Personal information
- Full name: Wayne John Matthews
- Date of birth: 11 September 1964 (age 61)
- Place of birth: Cardiff, Wales
- Position: Midfielder

Senior career*
- Years: Team / Apps / (Gls)
- 1983–1985: Cardiff City / 14 / (0)
- 1985–1986: Barry Town / 10 / (0)
- 1986–1988: Ton Pentre
- 1988–1992: Barry Town / 94 / (11)
- 1992–1993: Cwmbrân Town / 8 / (0)
- 1993: Llanidloes Town / 6 / (1)
- Ely Rangers

Managerial career
- 2007–: Ely Rangers

= Wayne Matthews (footballer) =

Welsh footballer (born 1964)

Wayne John Matthews (born 11 September 1964) is a Welsh former professional footballer who played as a midfielder. He made fourteen appearances in the Football League for Cardiff City and later played for several teams in the Welsh leagues.

==Career==
Born in Cardiff, Matthews began his career with his hometown club Cardiff City. He made his professional debut on the opening day of the 1983–84 season, replacing Chris Rodon during a 2–0 defeat to Charlton Athletic. Scoring in a 5–0 victory over Taff's Well in the Welsh Cup.

He joined Barry Town following his release before moving to Ton Pentre the following year. He returned to Barry in 1988 and went on to make over 100 appearances in all competitions for the club. In 1992, he joined League of Wales side Cwmbrân Town where he played eight times as they won the league title. However, he was one of two players released midway through the season as the club were unable to pay their £80 a week wages. Following his release, Matthews briefly worked at Ninian Park, the home ground of his former club Cardiff City, selling burgers. He finished the season with rival League of Wales side Llanidloes Town.

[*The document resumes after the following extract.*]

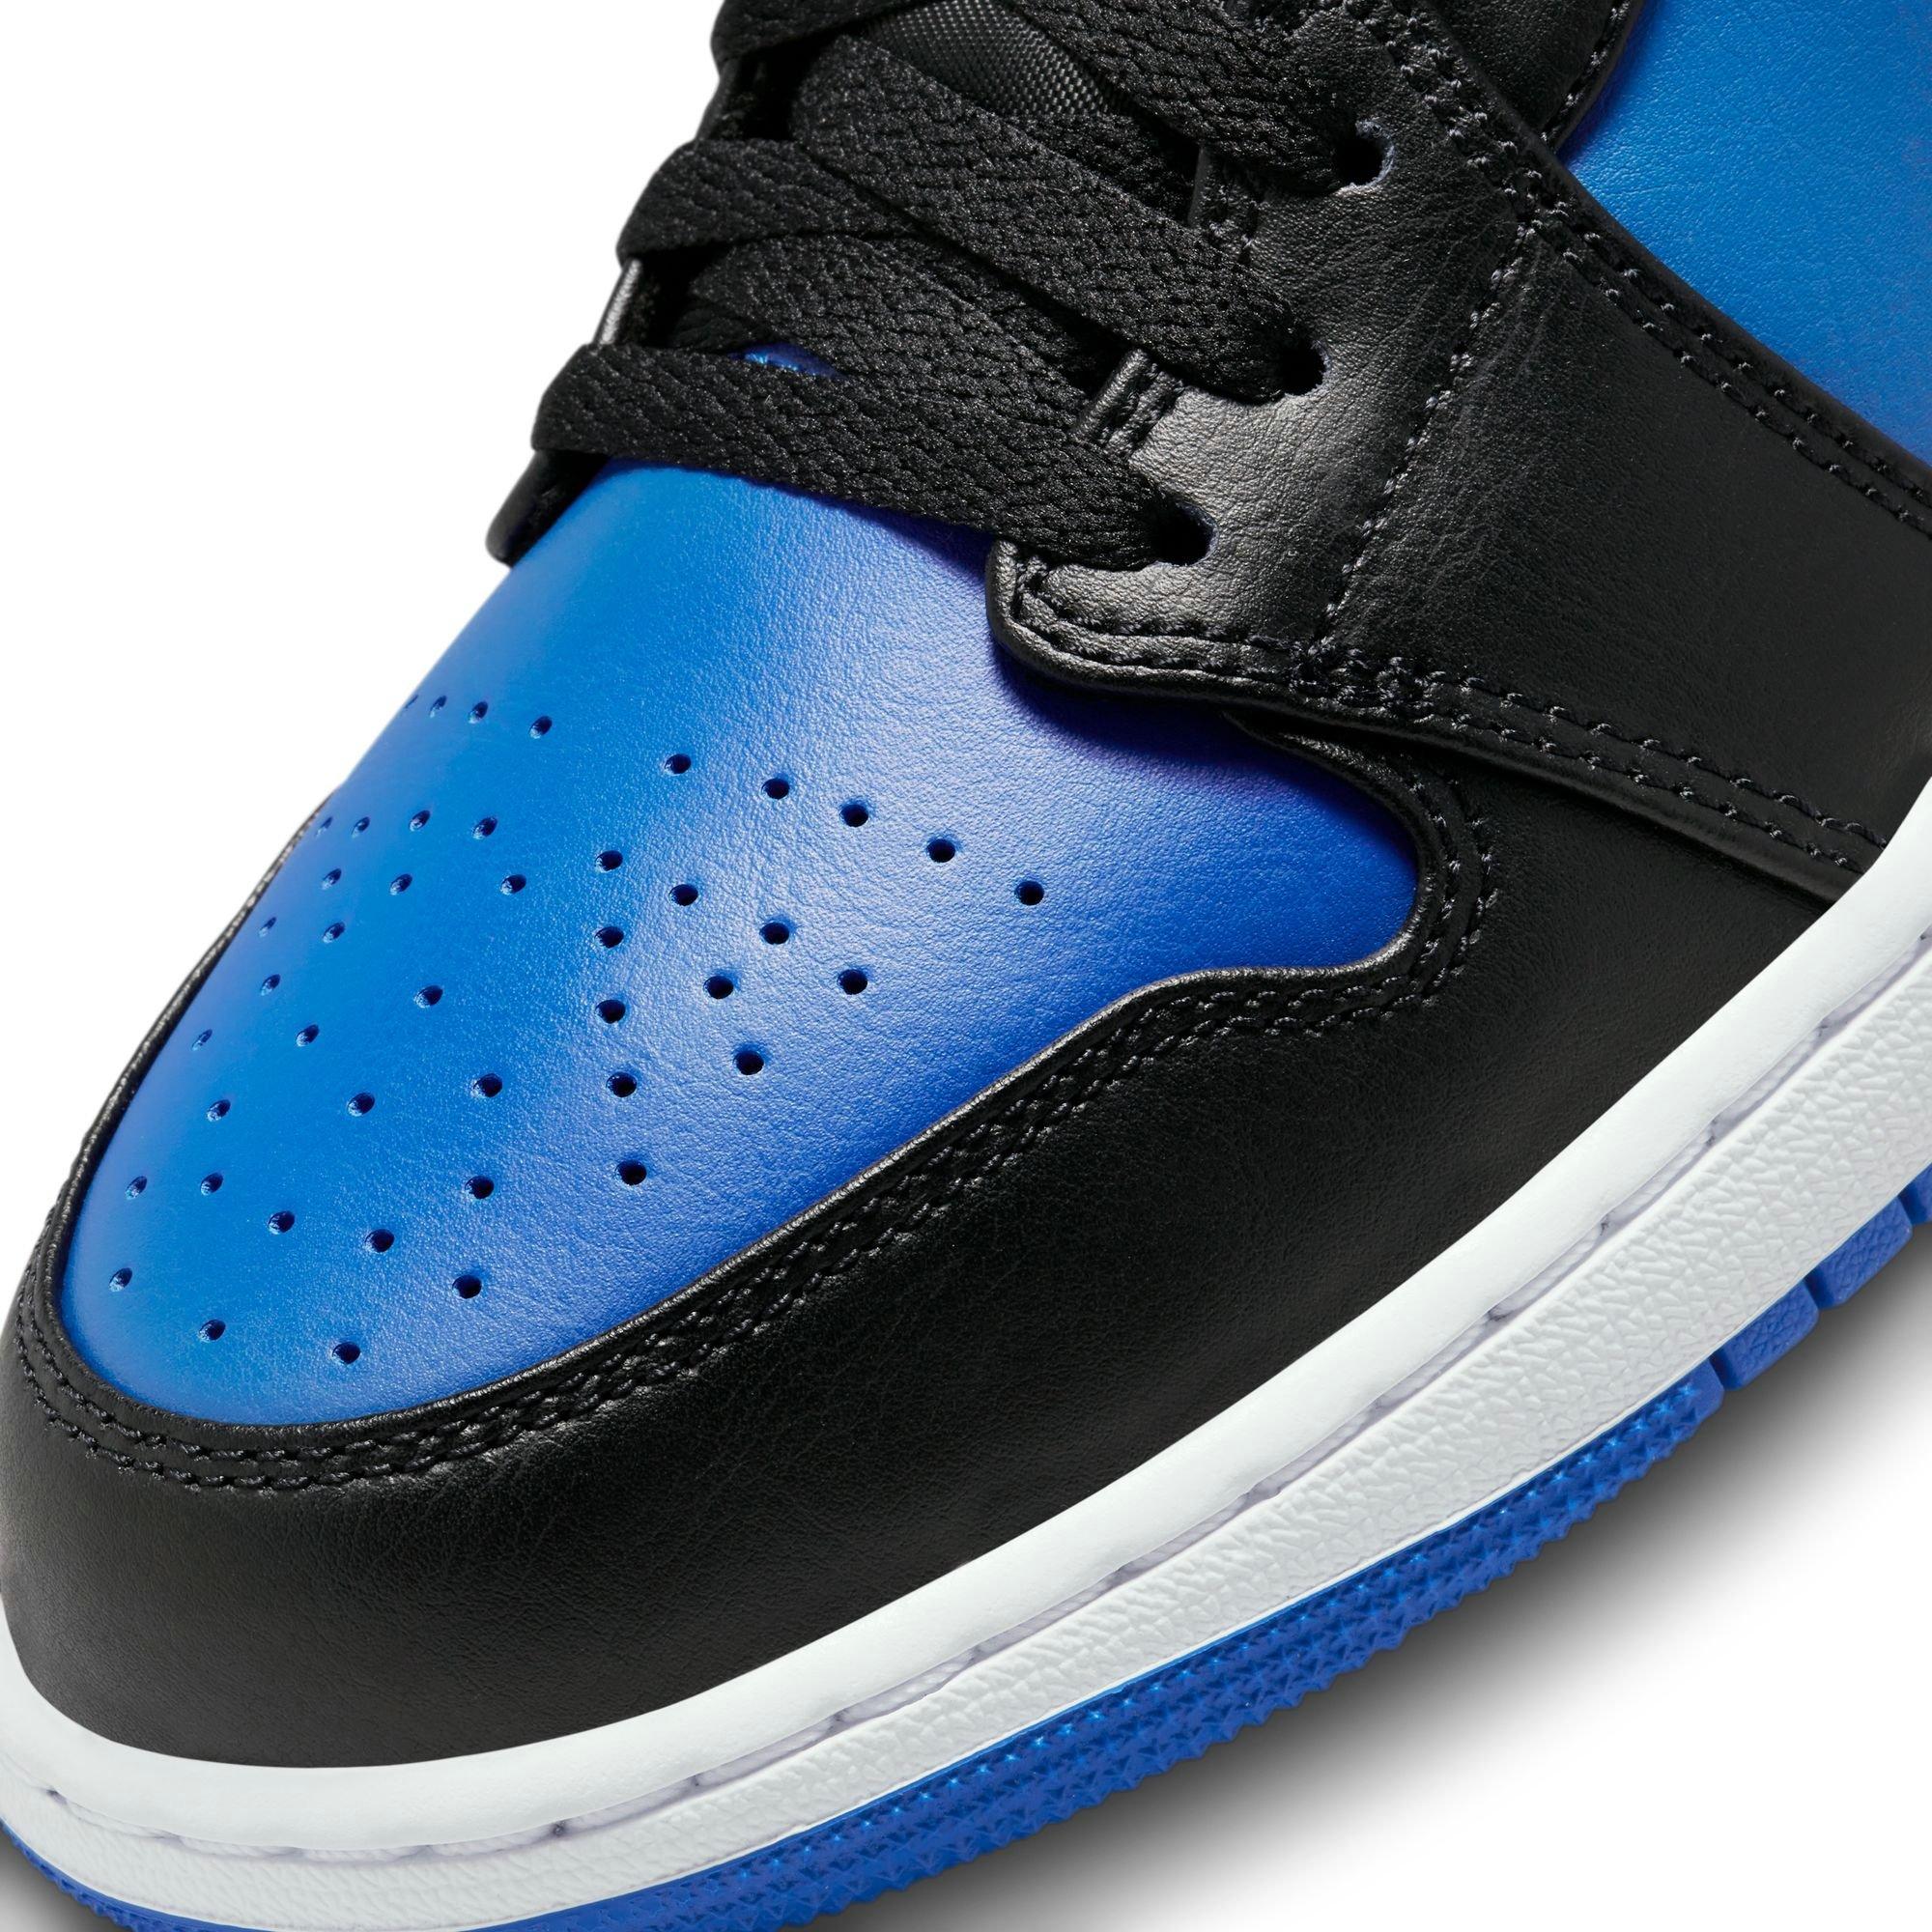 Air Jordan 1 (I) - Black / Royal Blue - Celebrity Kicks (Guess Who
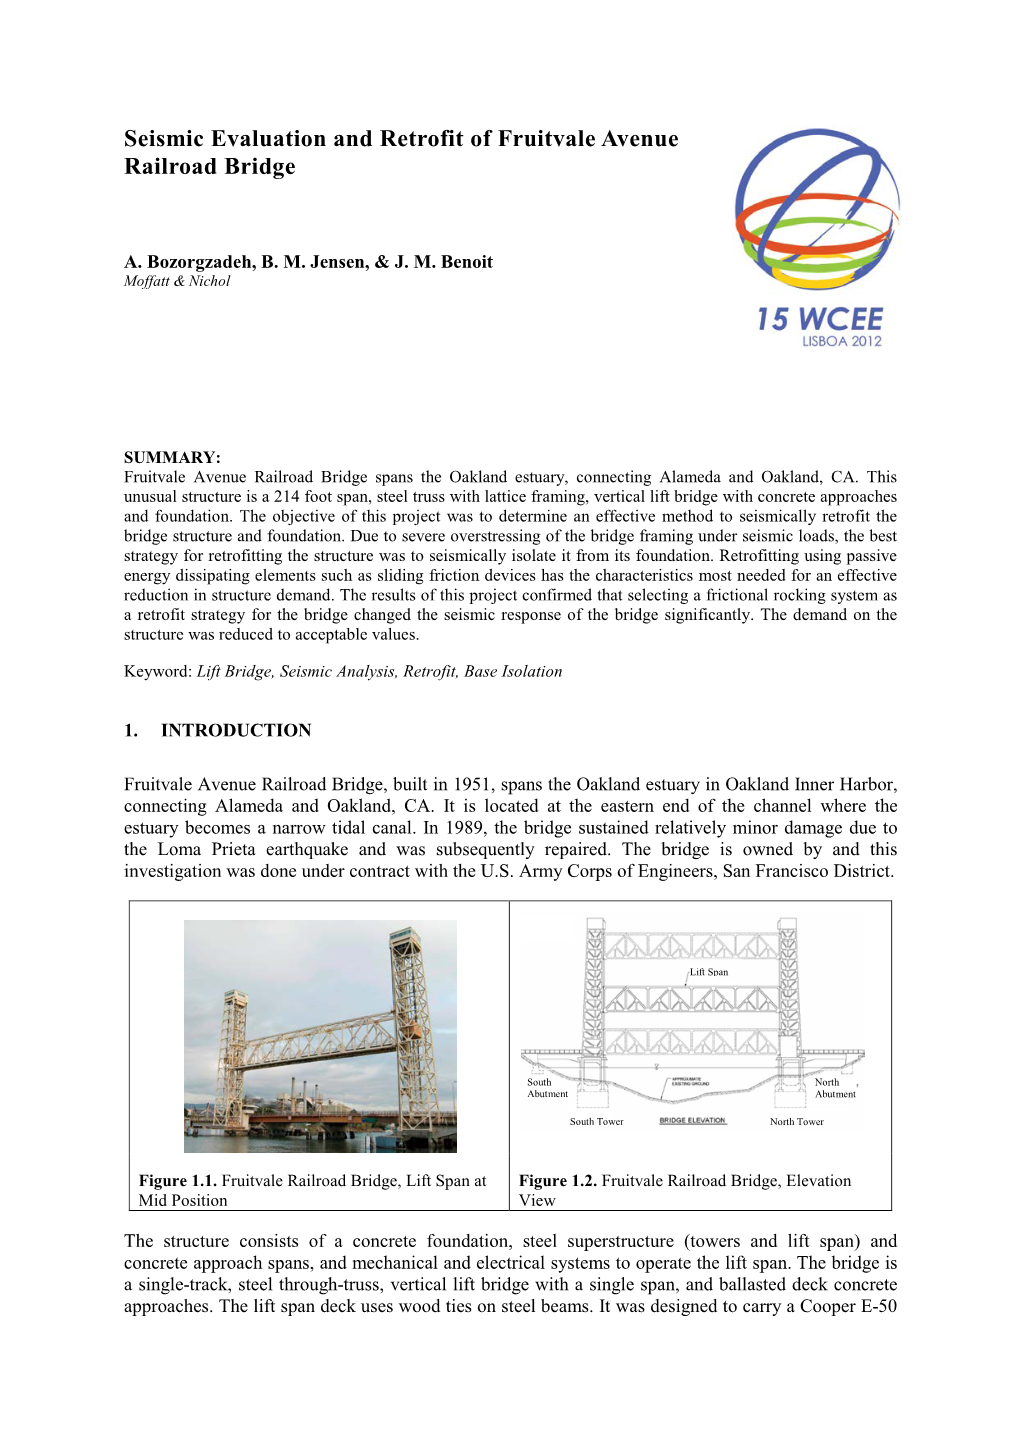 Seismic Evaluation and Retrofit of Fruitvale Avenue Railroad Bridge

In May 2007, 24 years after making his senior debut, Matthews received the first red card of his career while playing for Ely Rangers in the Welsh Football League. He was appointed player-manager of Ely a month later.

==Later life==
Matthews married his partner Linda and they have two children together, Jay and Sherelle. In 1993, Wayne Matthews started his own manufacturing business by embroidering sportswear in his bedroom.
The Company Classic Sportswear Manufacturing Ltd has grown since that day to become a full sportswear manufacturing company run by directors Wayne and Linda Matthews. Manufacturing sportswear for the 2012 London Olympics, premiership football teams and teams around Europe. Still a family-run business and expanding in 2020 with additional new director and son Jay Matthews. Wayne Matthews set up a charity for mental health in 2019n with former Footballer David Cotterill. David Cotterill Foundation and matthews is a named Trustee.